Prince Harry will marry a divorced American — and the church is fine with it
Prince Harry's fiancé Meghan Markle tells the BBC she thinks
it's 'disheartening' and a 'shame' that there has been scrunity about her race.
Markle's father is white and her mother, African-American. Rough cut (no
reporter narration). Video provided by Reuters Newslook.
A British royal marrying an American divorcee in 1936 threw
the British monarchy and the Church of England into crisis, but that didn’t
happen when Prince Harry decided to marry Meghan Markle.
The announcement in London on Monday that Prince Harry is
engaged to the American actress ended fevered speculation about the couple and
was accompanied by statements of delight from Harry’s grandmother, Queen
Elizabeth II, and his father, heir to the throne Prince Charles.
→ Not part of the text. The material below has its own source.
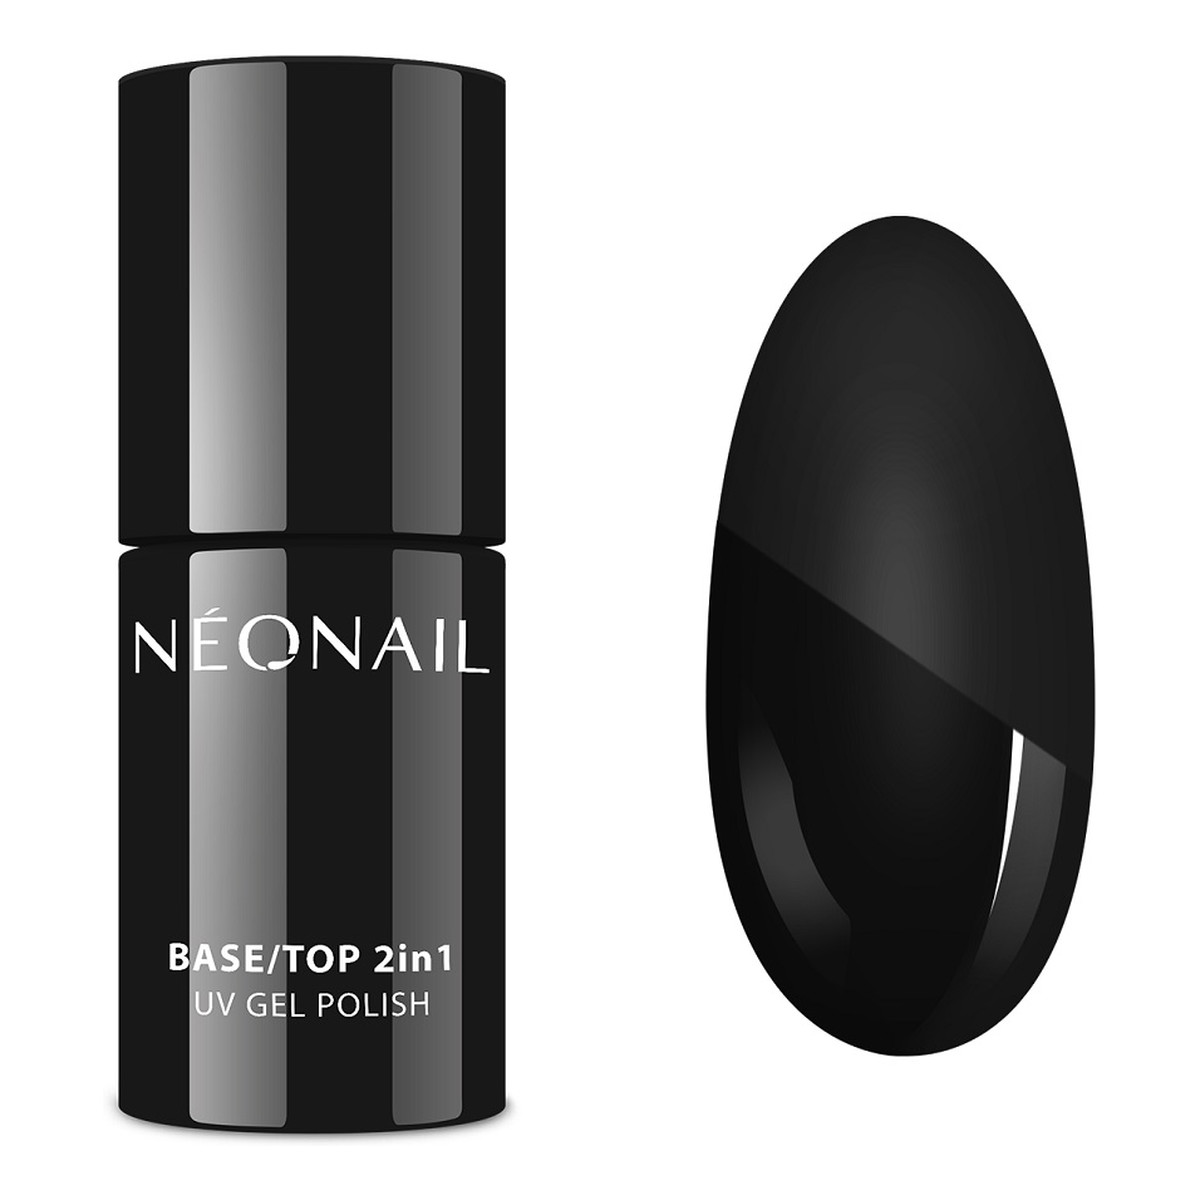 NeoNail UV Gel Polish Base-Top 2in1 Wielofunkcyjny lakier hybrydowy baza i top 7ml

It was so very different from the last time a British royal
wanted to marry an American divorcee. That 1936 engagement led to the
abdication of the king, Edward VIII, who decided he would rather give up the
throne than divorced Baltimore socialite Wallis Simpson.
The sticking point in 1936 was the rule on divorce and
remarriage in the Church of England, of which the monarch of the United Kingdom
is head. The church’s ban on remarriage for a divorced person whose previous
spouse is alive applied to King Edward, and still held for Queen Elizabeth’s
sister, Princess Margaret, in 1953. She was told she could not marry the man
she loved, Capt. Peter Townsend, because the Church of England would not
countenance it.
Her only path to marry him would be to renounce her right to
the throne — and to effectively leave the royal family. She chose to not marry
the Royal Air Force officer.
n 2005, the situation was different for the divorced Prince
Charles, who wanted to marry the divorced Camilla Parker Bowles. He was free to
remarry as a divorced man, because his first wife, Princess Diana, had died.
But Parker Bowles’ first husband was still alive. The prince married Parker
Bowles in a compromise: They tied the knot in a civil ceremony and then had an
Anglican blessing for their marriage in St. George’s Chapel, at Windsor Castle,
conducted by then-Archbishop of Canterbury Rowan Williams.
By then the Church of England had agreed that in certain
circumstances those divorced could marry in church, but not if the relationship
of the couple wishing to marry had caused the divorce, or if the latest wedding
could cause public scandal. On those grounds, the church felt it was
inadvisable for Prince Charles and Parker Bowles to have a full church wedding.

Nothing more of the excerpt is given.